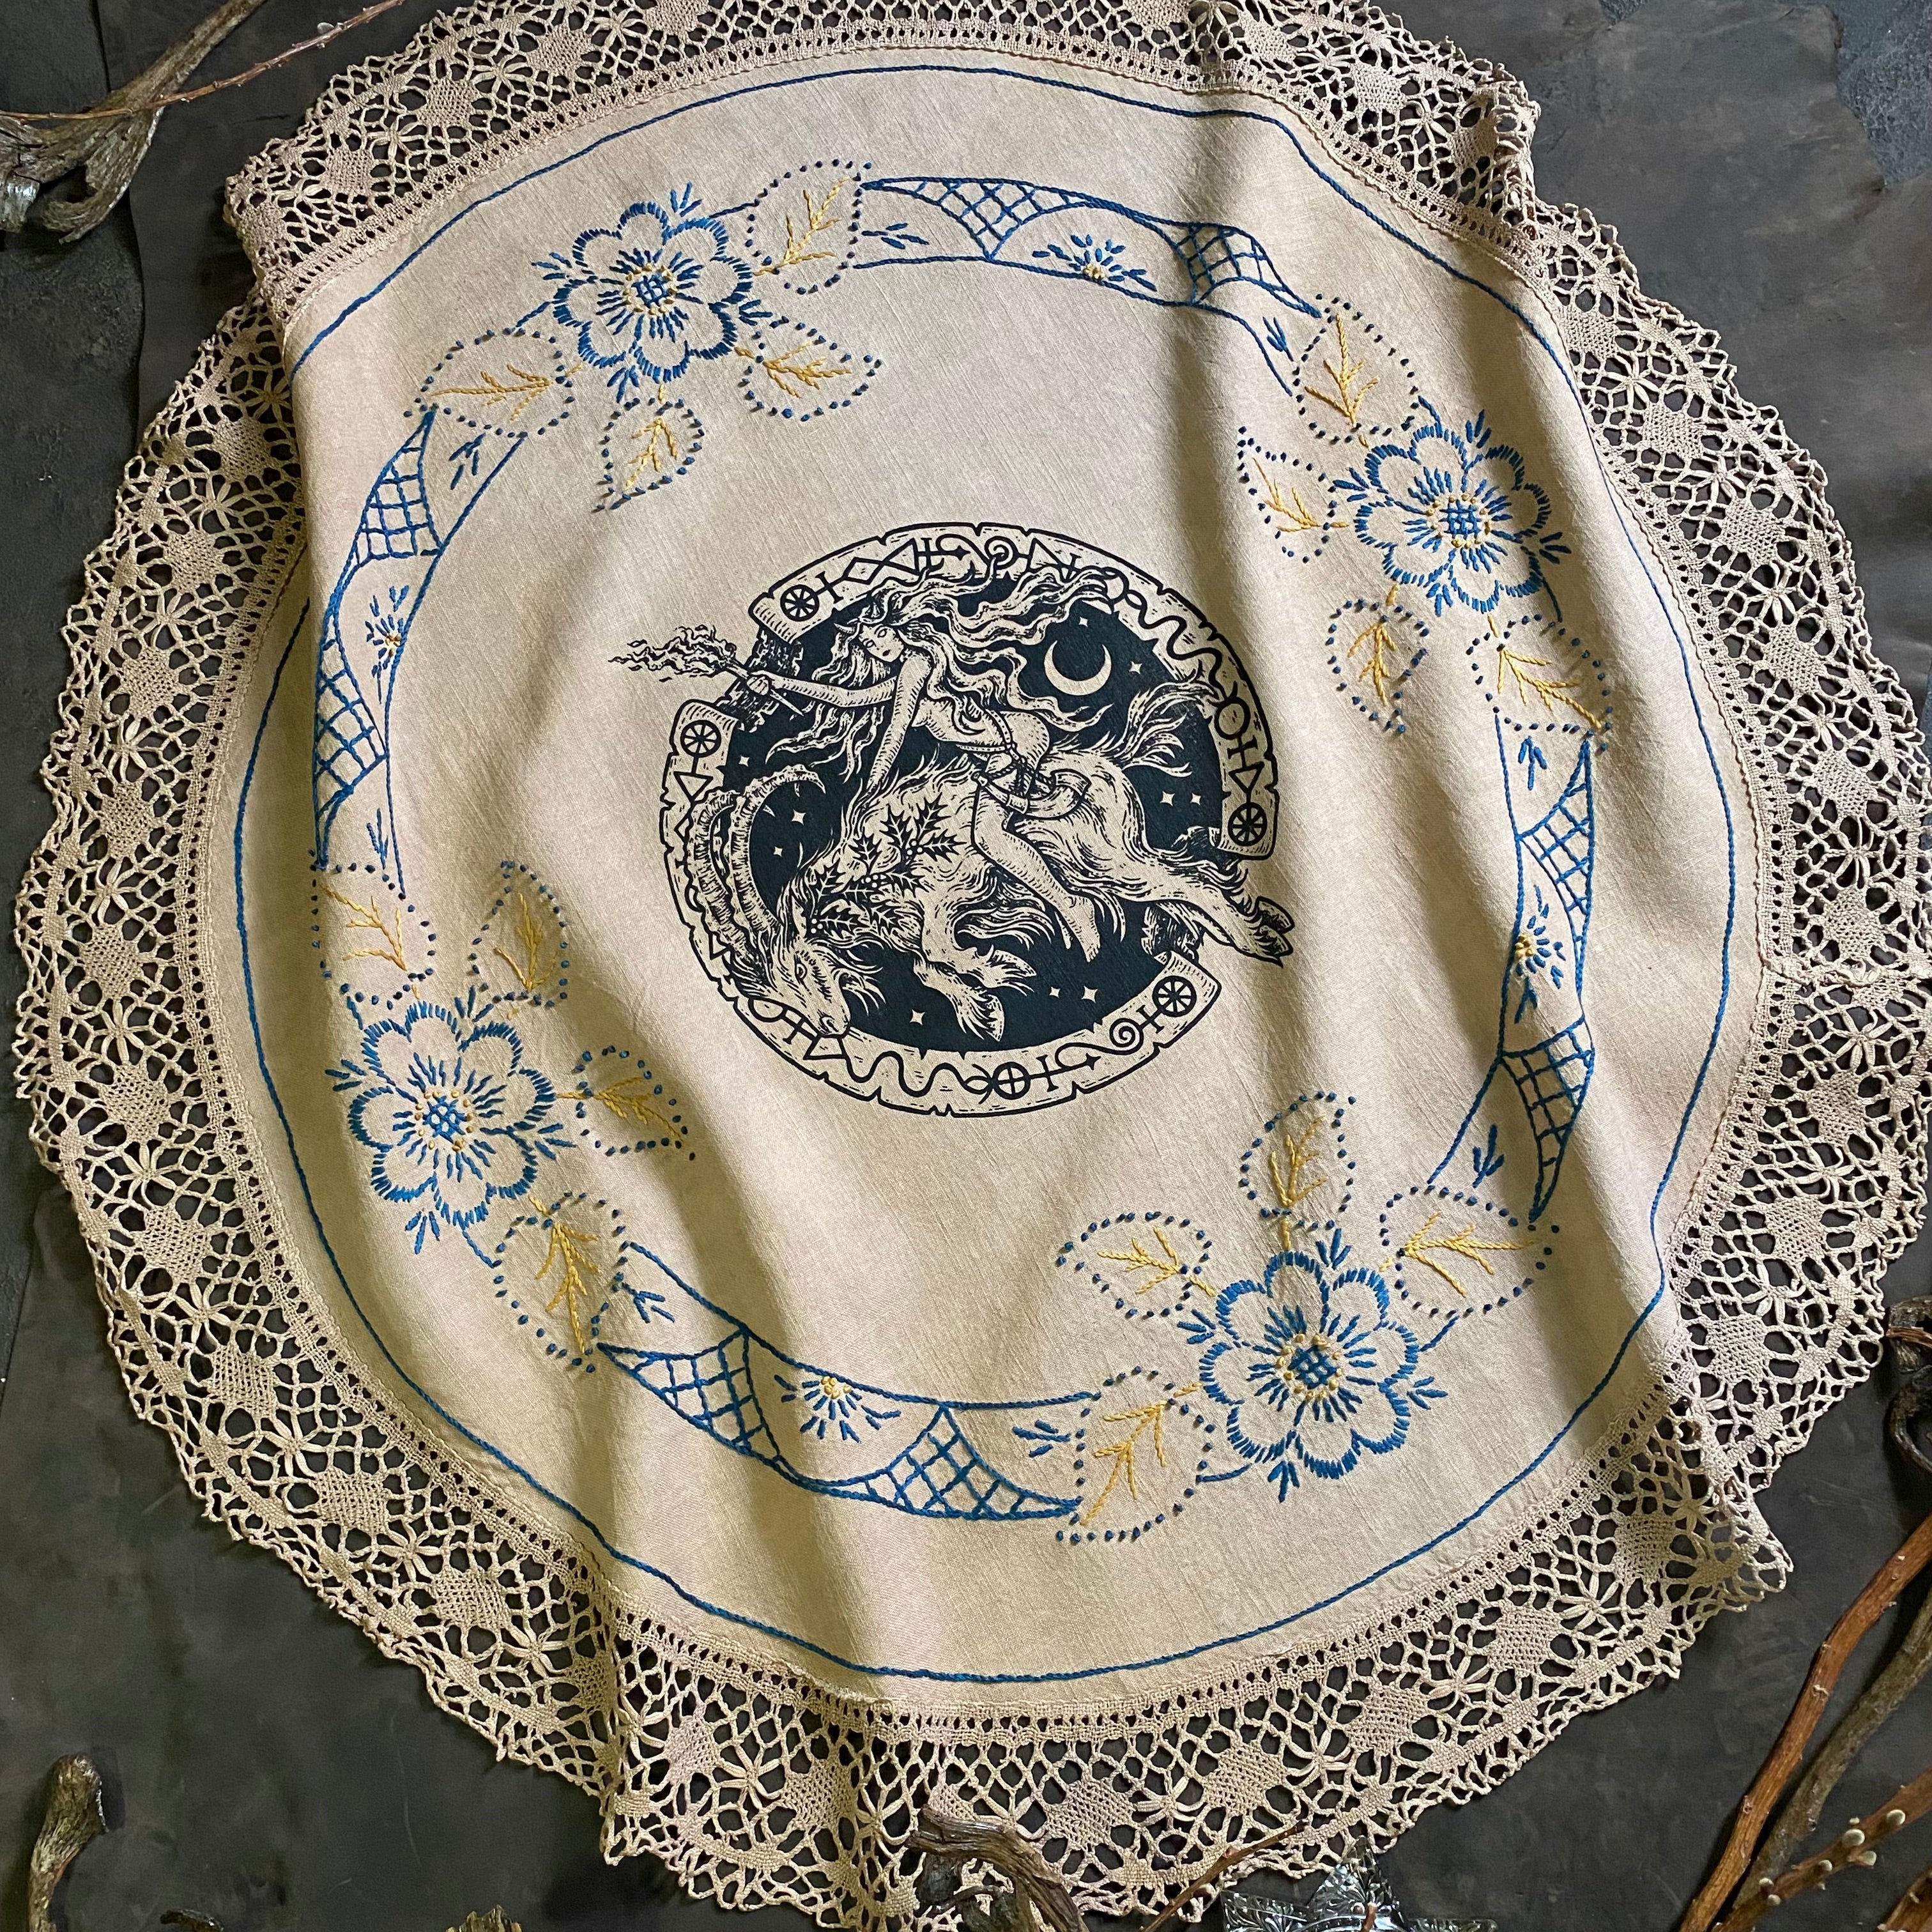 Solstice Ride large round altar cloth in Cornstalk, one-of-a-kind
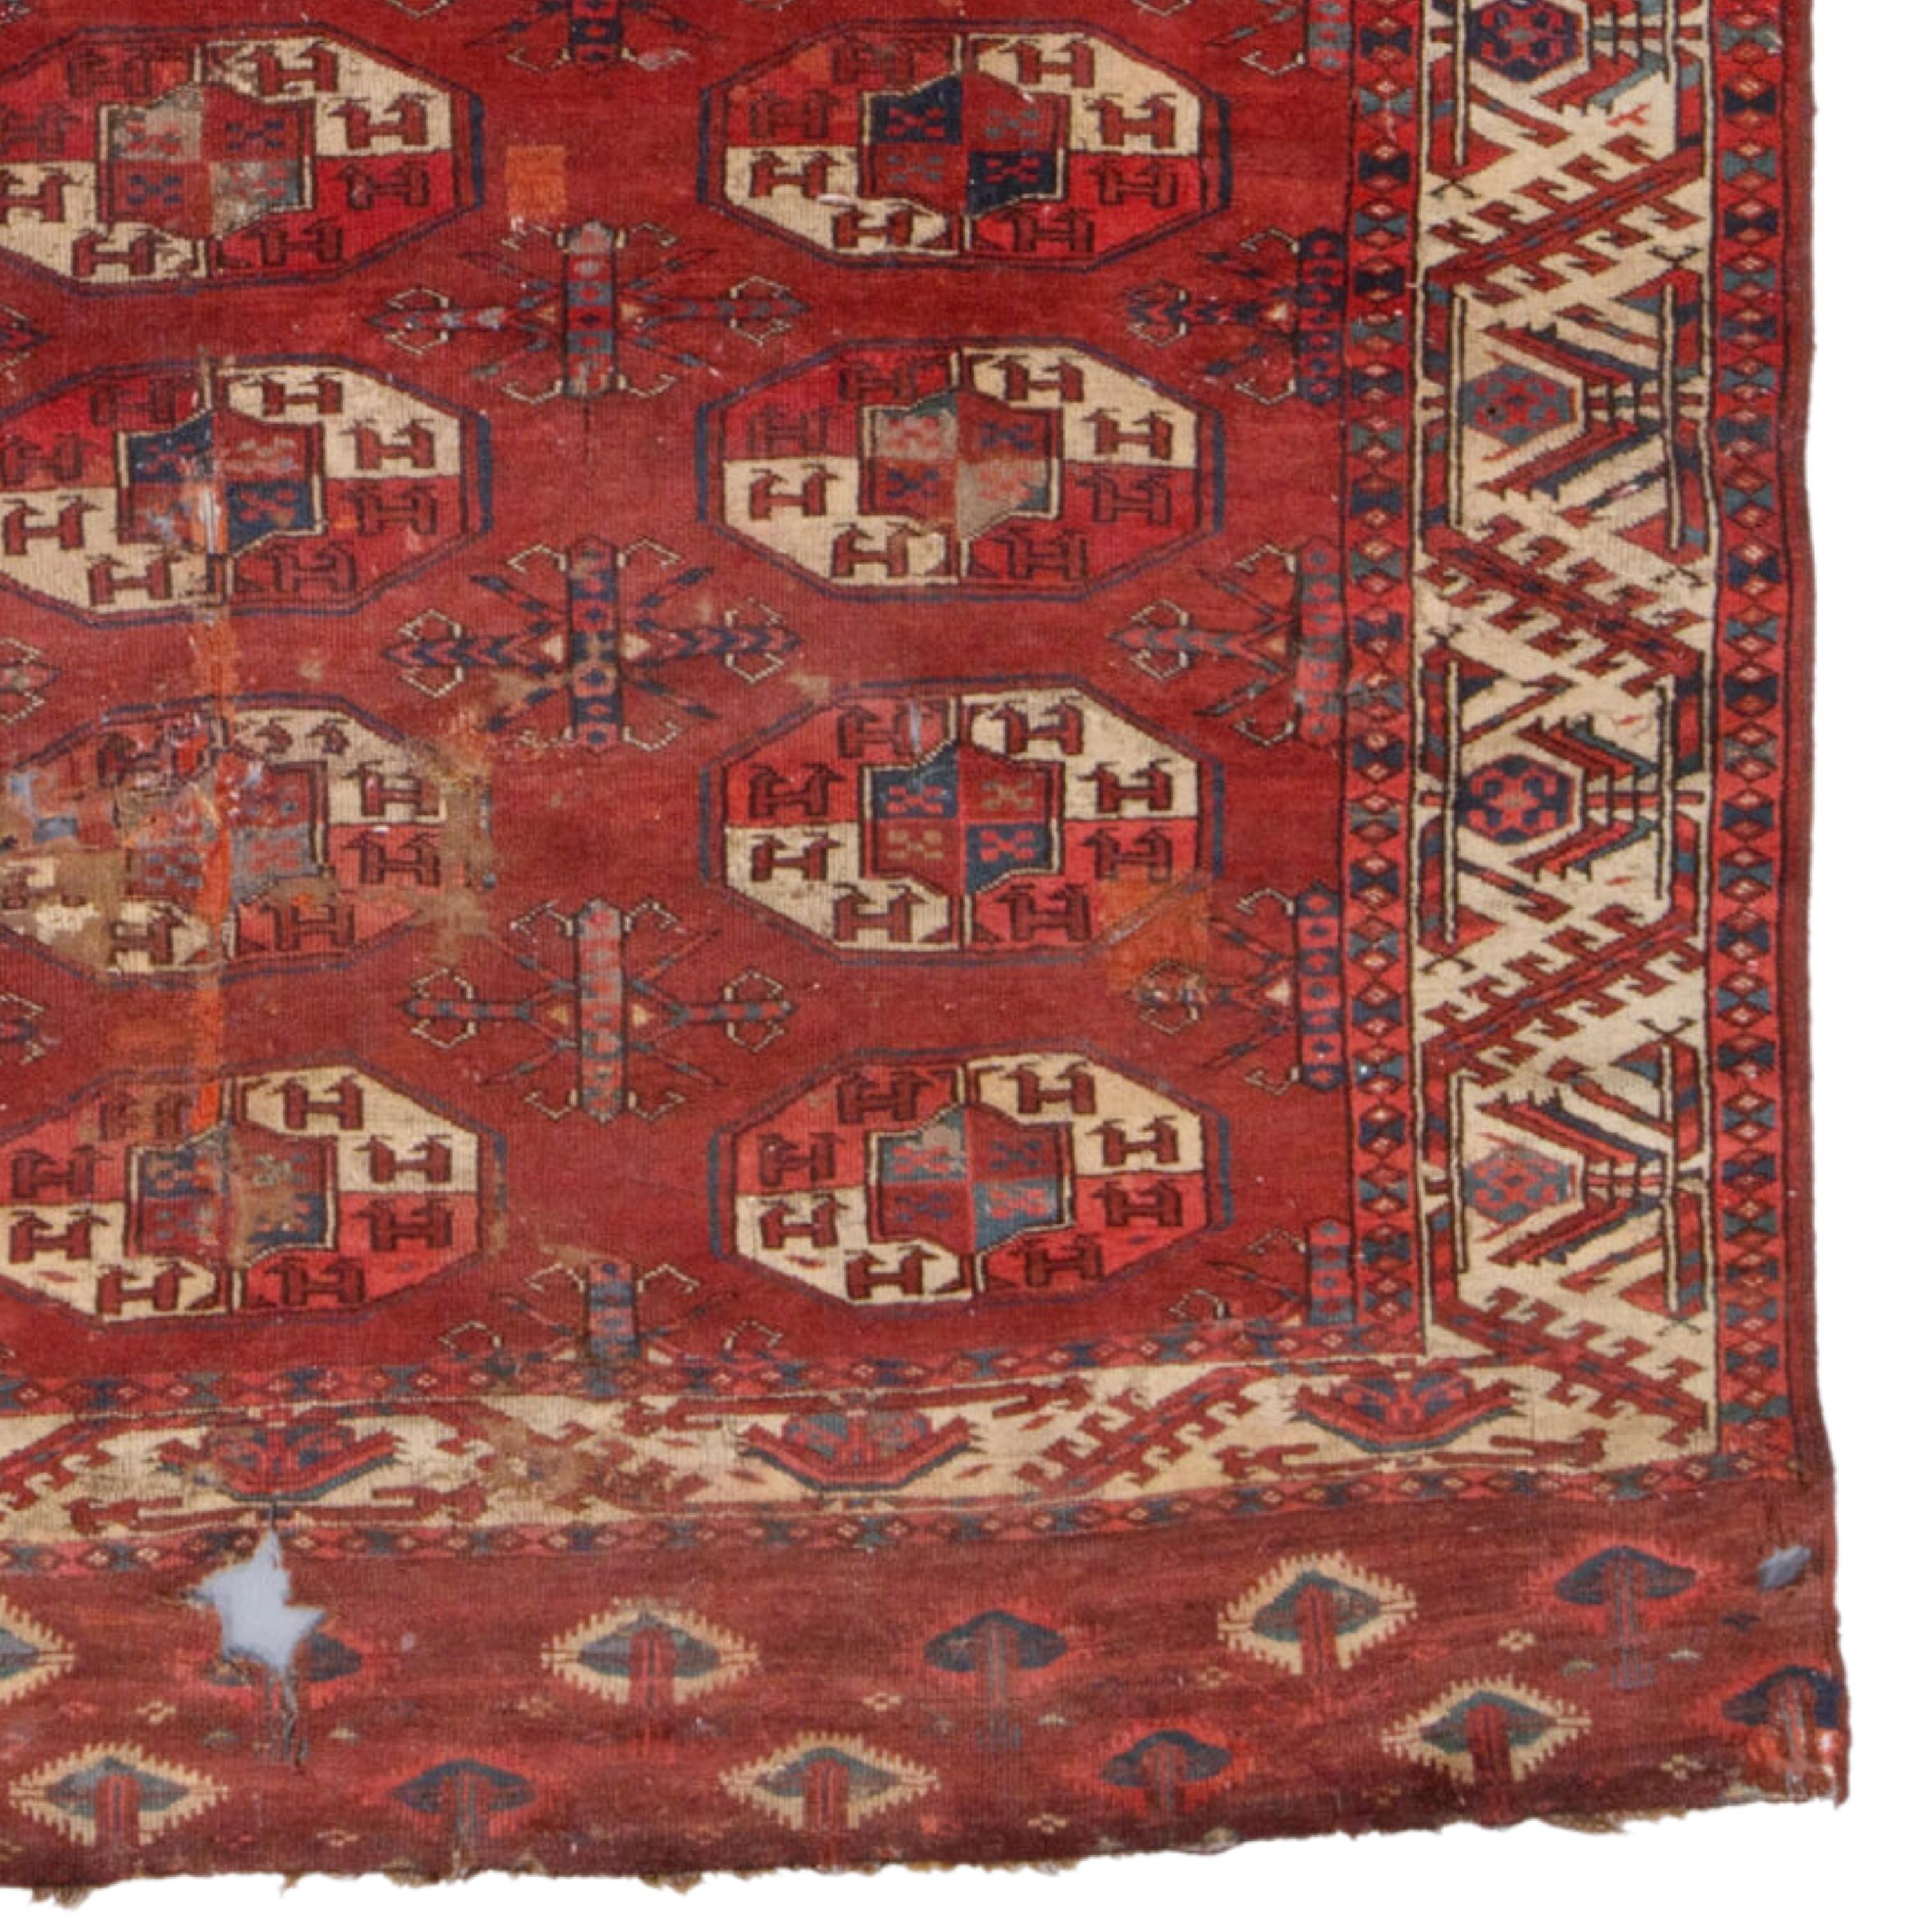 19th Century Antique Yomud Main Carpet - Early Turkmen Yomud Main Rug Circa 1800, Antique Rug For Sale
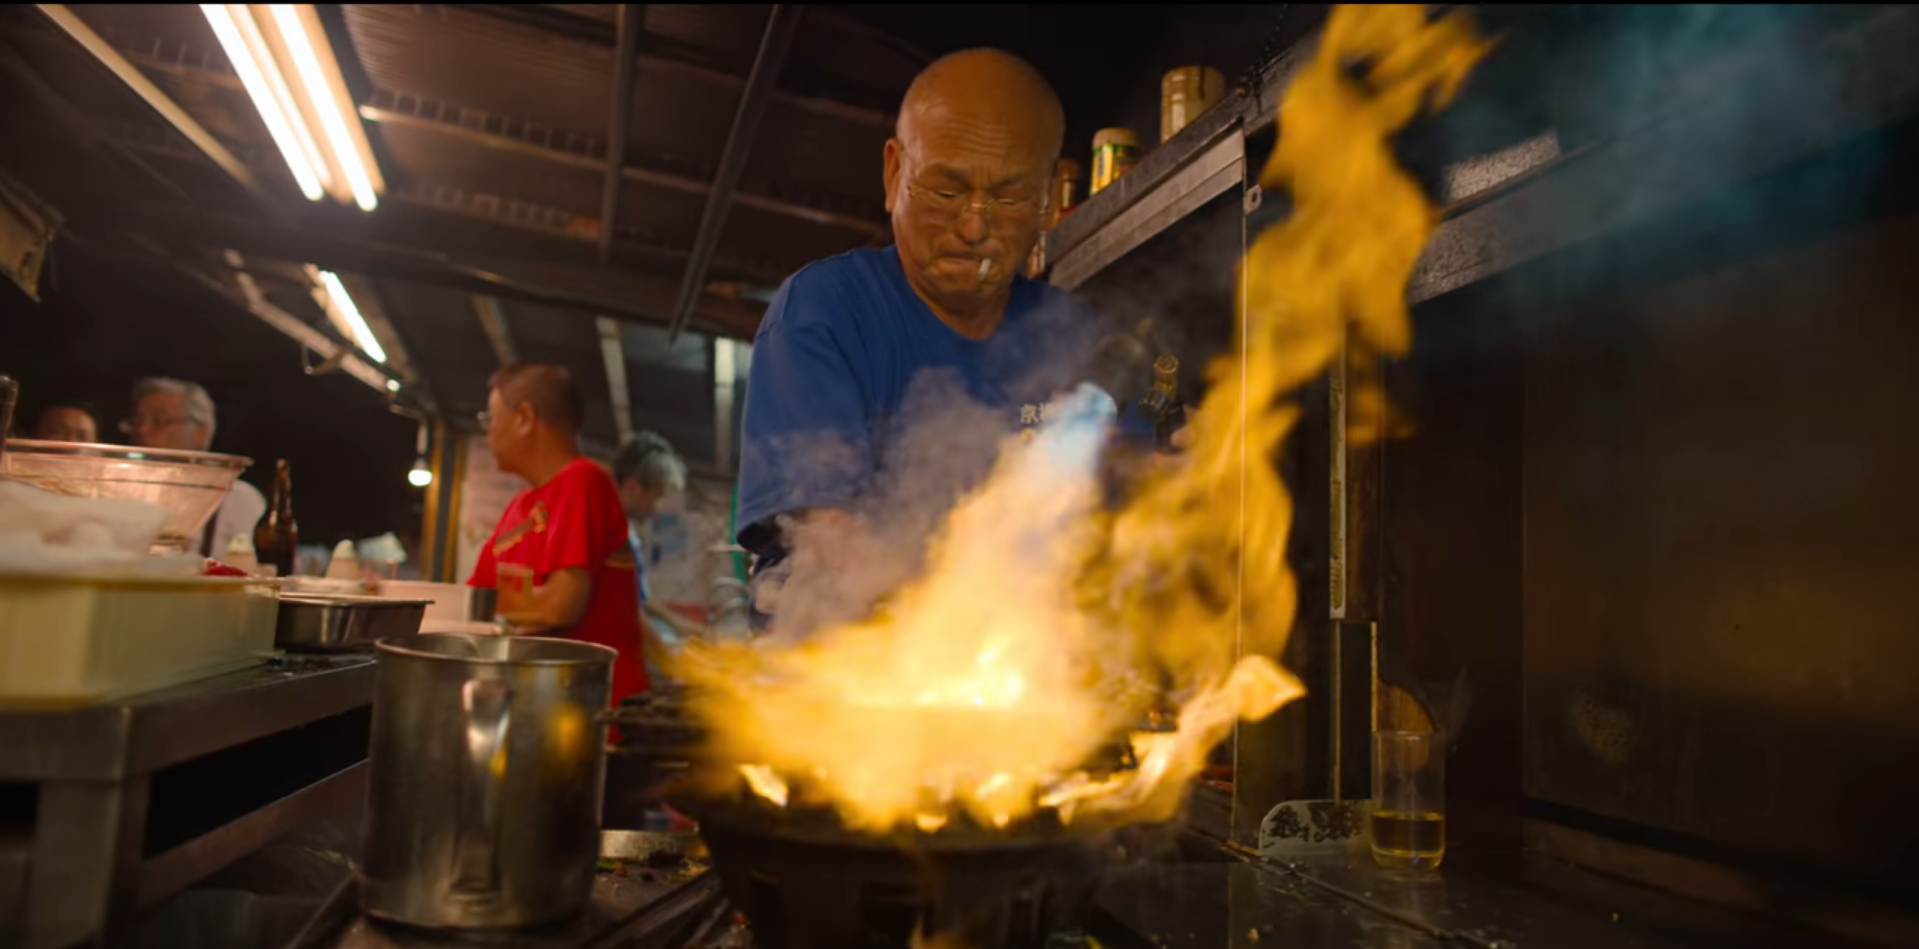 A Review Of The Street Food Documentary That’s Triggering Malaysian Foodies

### The task
All of the material above should be written out exactly as given, minus any images.

### Reply
 Solstice Ride large round altar cloth in Cornstalk, one-of-a-kind
 19th Century Antique Yomud Main Carpet - Early Turkmen Yomud Main Rug Circa 1800, Antique Rug For Sale
 A Review Of The Street Food Documentary That’s Triggering Malaysian Foodies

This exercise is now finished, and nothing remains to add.